File arch/arm/plat-samsung/pm-check.c
Line 372: bitfix_recover_chunk(addr, s3c_pm_should_skip);
Not completely paranoia:
* In the case of the failure of 2 chips at the same time bitfix will actually do the wrong thing. ...but it has no way of knowing--it just xors stuff together with no real checksum.
* There is a possibility that something more drastic could go wrong also. We can get bit flips in the code that runs bitfix or in other places. I'd rather be sure that we really fixed things.
....................................................
Commit Message
Line 67: [ 0.000000] bitfix_reserve: Reserved 00200000 bytes
With Olof's feedback we're actually going to allocate memory always.
...but yes, new bios shouldn't be getting automatically enabled.
Change subject: samsung: snow: bitfix: Recover from bit errors across sleep/wake
......................................................................
Patch Set 15:
Re-running with the latest set of patches, but early testing shows that we're still good.
Incorporated everyone's feedback that I've received and I don't _think_ there's anyone currently reviewing.
Will set "Verified" in a few hours if no problems found.
Change subject: samsung: snow: bitfix: Recover from bit errors across sleep/wake
......................................................................
Patch Set 15: Looks good to me, but someone else must approve
There is a lot of good work here, Doug.
I do not see any problems, but it is a bit much for me to +2 in one day.
Olof Johansson has posted comments on this change.
Change subject: samsung: snow: bitfix: Recover from bit errors across sleep/wake
......................................................................
Patch Set 15: Looks good to me, approved
LGTM, but please wait for Sam to give a review since he had comments before.
Change subject: samsung: snow: bitfix: Recover from bit errors across sleep/wake
......................................................................
Patch Set 15: Looks good to me, approved
(1 inline comment)
just a nit you can leave for later; no need for round-trip if you decide to change the comment
....................................................
File arch/arm/mach-exynos/bitfix-snow.c
Line 467: * We recover to recover_chunk and then copy instead of recoverying
recovering
Change subject: samsung: snow: bitfix: Recover from bit errors across sleep/wake
......................................................................
Patch Set 15: (1 inline comment)
....................................................

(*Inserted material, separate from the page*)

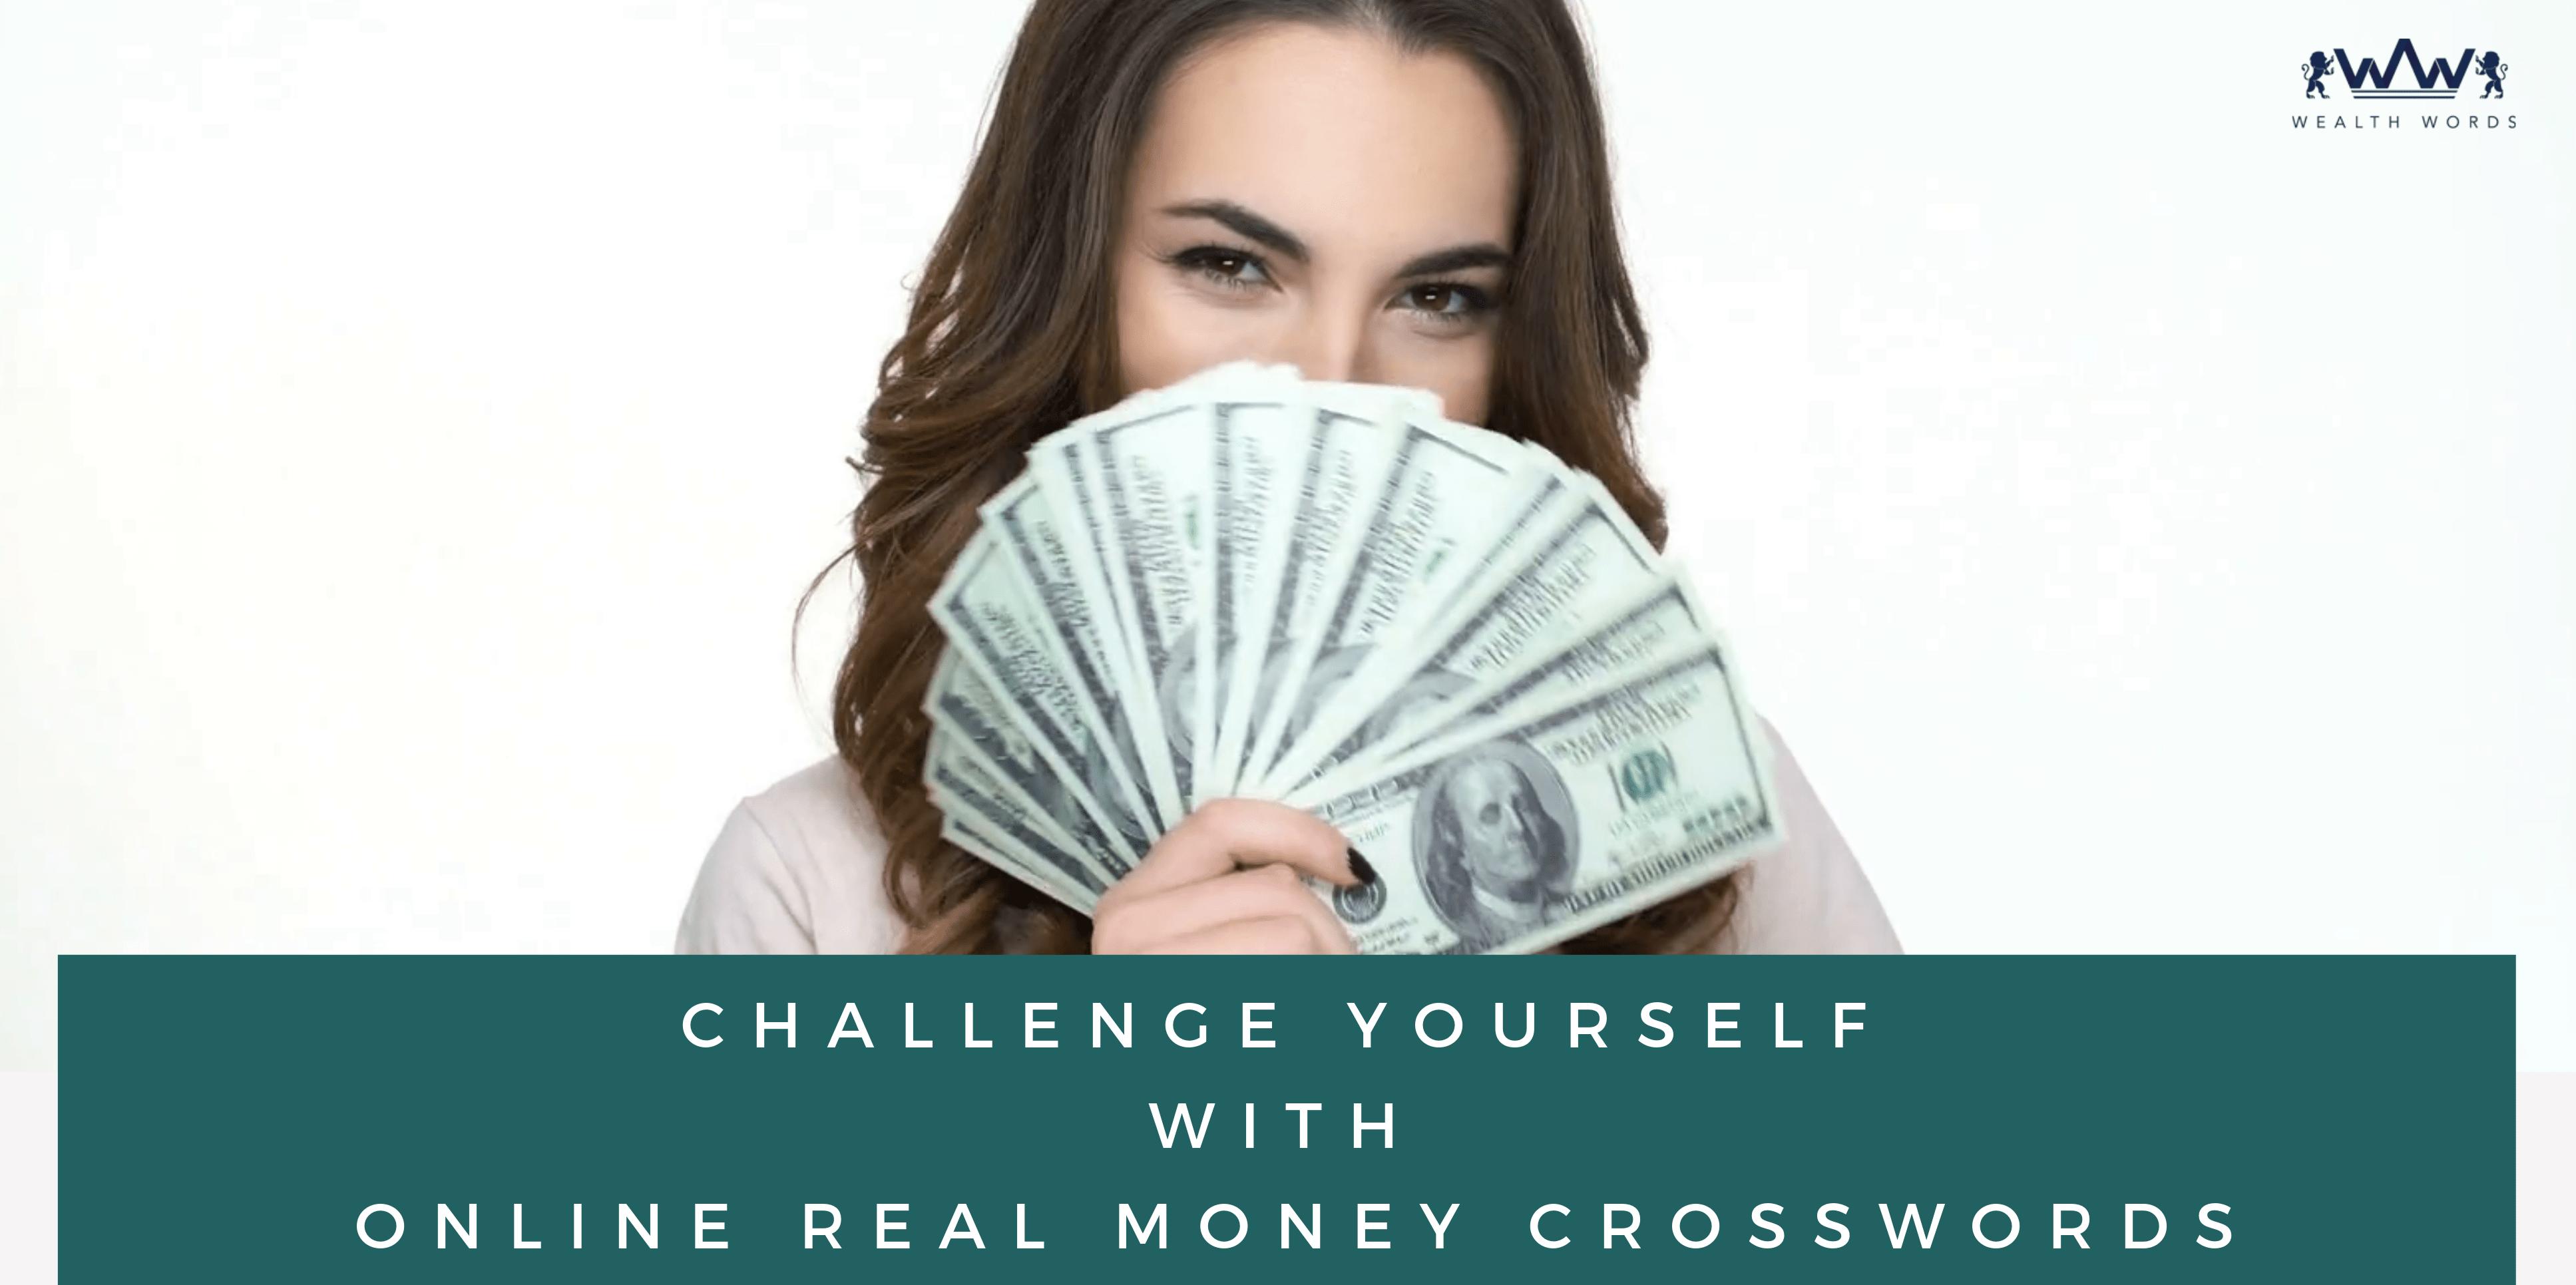 online real money crosswords
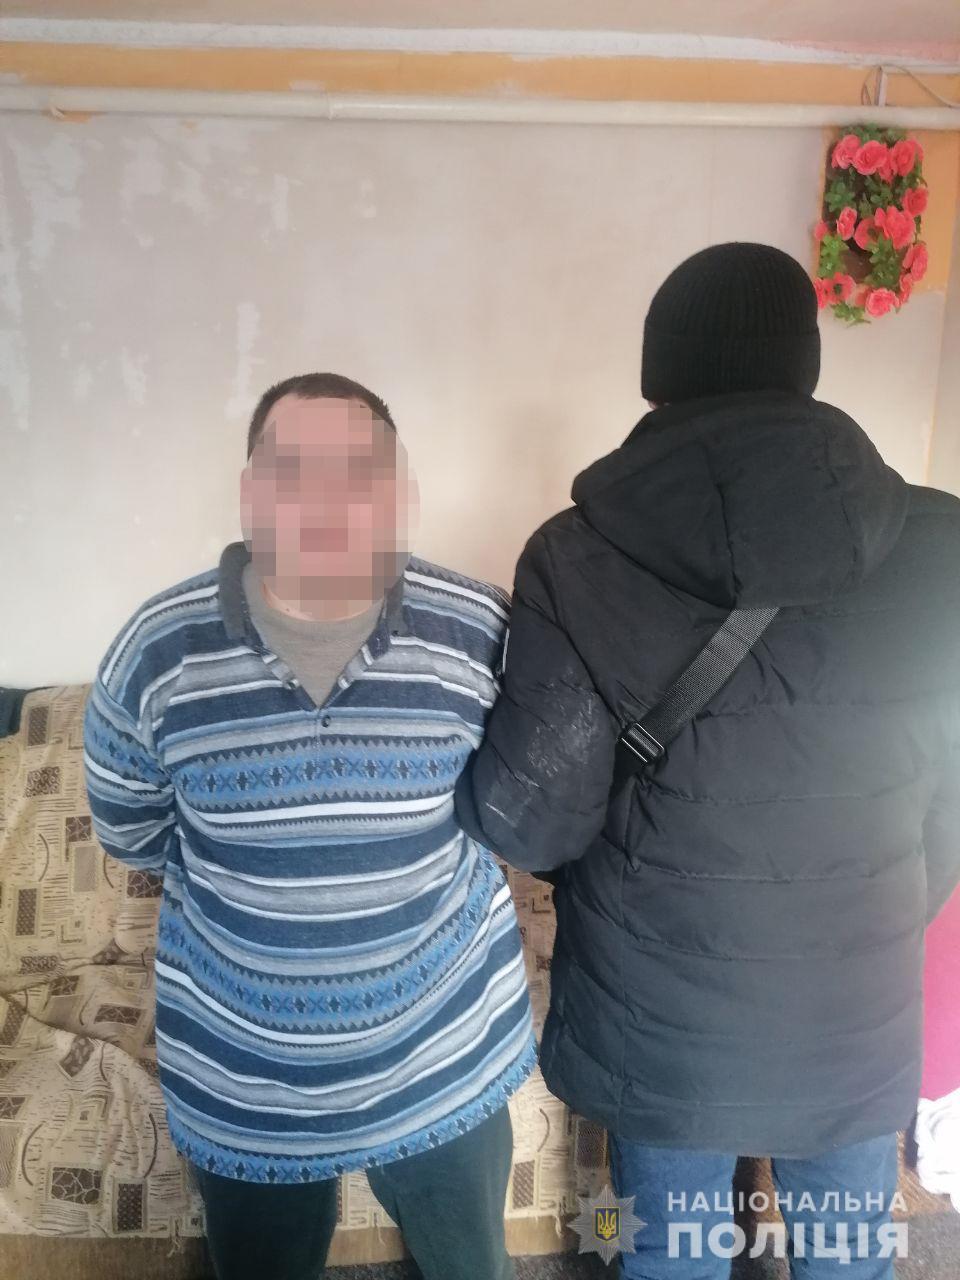 Полицейские задержали мужчину, который опаивал и грабил людей

File arch/arm/mach-exynos/bitfix-snow.c
Line 467: * We recover to recover_chunk and then copy instead of recoverying
Done
Change subject: samsung: snow: bitfix: Recover from bit errors across sleep/wake
......................................................................
Patch Set 17:
Sorry to all for the churn. Needed to rebase since we decided to put _suspend_volatile in "bss" and it made sense to rename the tag then.
Also:
* Fixed Sam's typo.
* Use generic addr_overlap instead of copying in_range function.
Change subject: samsung: snow: bitfix: Recover from bit errors across sleep/wake
......................................................................
Patch Set 17: (1 inline comment)
....................................................
File arch/arm/mach-exynos/bitfix-snow.c
Line 18: #include <linux/addr_overlap.h>
I do not see this include file.
Change subject: samsung: snow: bitfix: Recover from bit errors across sleep/wake
......................................................................
Patch Set 17: (1 inline comment)
....................................................
File arch/arm/mach-exynos/bitfix-snow.c
Line 18: #include <linux/addr_overlap.h>
Sorry--this CL the last in a big chain. addr_overlap is the first.